The premise of Looper is that in 2074, time travel exists, but is used solely by criminals to send bound and hooded people back to 2044, where assassins shoot them the moment they appear.  Often the victims are the assassins themselves, thirty years older; shooting your future self is called "closing the loop."  The story focuses on a "looper" named Joe, whose older self manages to overpower and escape his younger self.  Seven years earlier — i.e., in 2067, twenty-three years after the "now" of the movie — he had met a woman who became the love of his life, but she was killed on the order of 2074's scariest crimelord; on the loose in 2044, old Joe tries to track down and kill that crimelord as a child and thereby prevent his wife's death.

I have two things to say about this movie:

One, it is a shame that having cooked up this whole complicated sci-fi world, the main thing Johnson does with it is have men run around shooting each other.

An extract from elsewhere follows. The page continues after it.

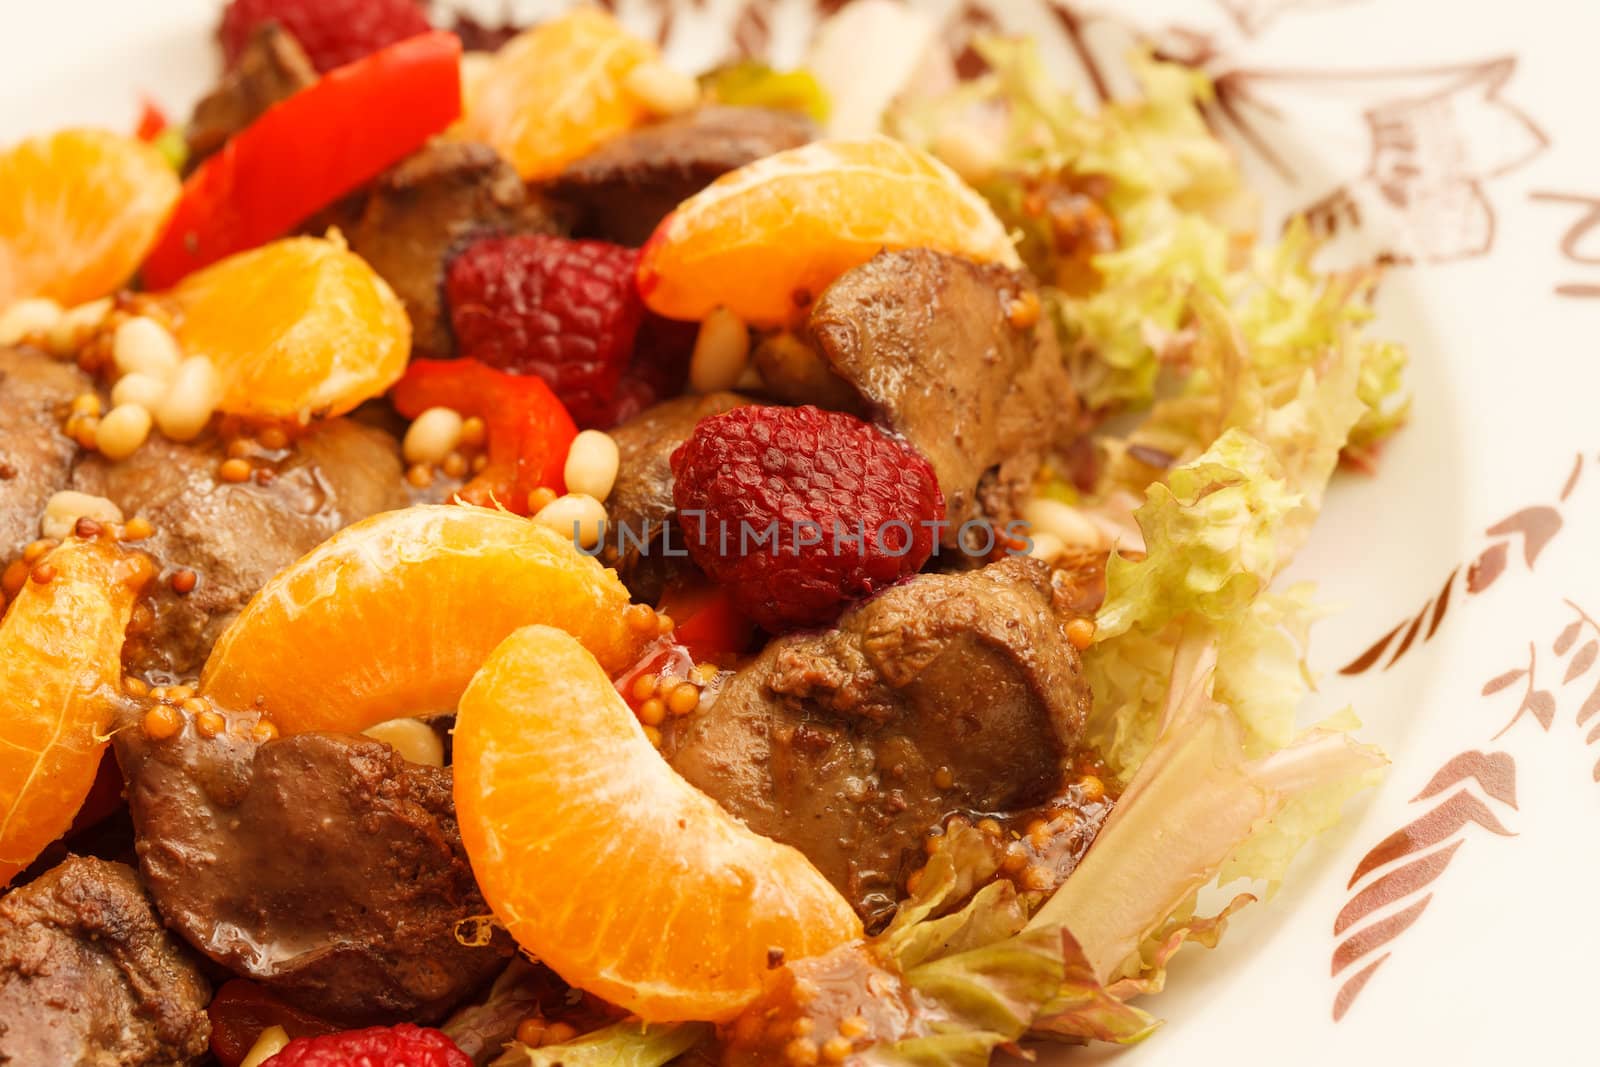 chicken liver with fruits by shebeko

Two, to me the most interesting thing about this movie is its stance toward old Joe and his wife.  Midway through the movie there's a scene in which young Joe tells his older self that the solution to their problem is for old Joe to show him a picture of his wife, so that when young Joe becomes middle-aged Joe, he can avoid that woman if he ever runs into her.  He doesn't know her from any of the other billions of women on the planet and is perfectly happy to marry someone else, which would result in an old Joe with a different set of memories and a longer life for the woman in the picture.  Old Joe's response is to punch his younger self in the face.  As far as he's concerned, meeting his wife is the thing that redeemed his previously shitty life, and giving her up is not an option.  I'm used to stories like these treating it as imperative to protect beloved people and relationships in the status quo timeline, so it was interesting to see this movie take young Joe's side.  I once read a Livejournal post in which the author discussed a dream he'd had in which he'd gone back in time to his teenage years, with a chance to do things differently.  That's the sort of thing I spend around 90% of my waking life daydreaming about, but he described being devastated to realize that, no matter what happened, he would never have the son that he had in the original timeline, i.e., real life.  Looper's response would be to point out that given the astronomical number of possible children you could have had even with your current partner, let alone with the other partners you could have had, there's no reason to think that you happened to end up with the kid with whom you would have forged the strongest bond.  Statistically speaking, you probably did about average.  So, yes, you'd lose something by giving up the current timeline — but you have to weigh that against what you're losing by giving up other possible timelines, ones that you have every reason to think might be better overall, since you'd be working with the benefit of a practice run.

Obviously, it's easy for me to be cavalier about giving up the relationships I've forged in this timeline because at the moment I'm not particularly close to anyone, and those few people I've been close to in the past have had ample reason to wish for a timeline in which I'd been armed with their photographs so I could avoid them and spare them some grief.  But you don't have to find yourself in The Darkest Timeline to see the error in privileging the timeline we're in just because we're in it.  The next episode of Radio K touches on this, and I was actually going to wait to post this writeup until I could link to it, but I don't know when it will be ready and I decided that I really ought to get back to working through my movie queue in the meantime.  (Some might suggest that I skip ahead to the next movie and come back to this one later, but that would be madness.  ORDER MUST BE MAINTAINED.)  So here's a sneak preview of what Clare Parker has to say on this topic:

Actually, the idea of mourning for someone whose grandparents never met is the theme of Astro City v2 #½, which is larded with retro superhero universe silliness but which is nevertheless the thing in the world that most reliably makes me cry.  And while in my case the word "mourning" might be too strong, I do often find myself melancholy about people who never existed.  One refrain I've heard from several people when my relationships have fallen apart is "at least you didn't have kids" — both for the kids' own sake, and because "they'd be in another state or country and that would make you miserable".  But I dunno about that second part.  I have never been in a relationship in which my partner and I didn't pick out names for our potential future children, which may not be an advisable practice since it makes them feel real.  And instead of being in another state or country, they're now trapped in other timelines.  That doesn't strike me as better.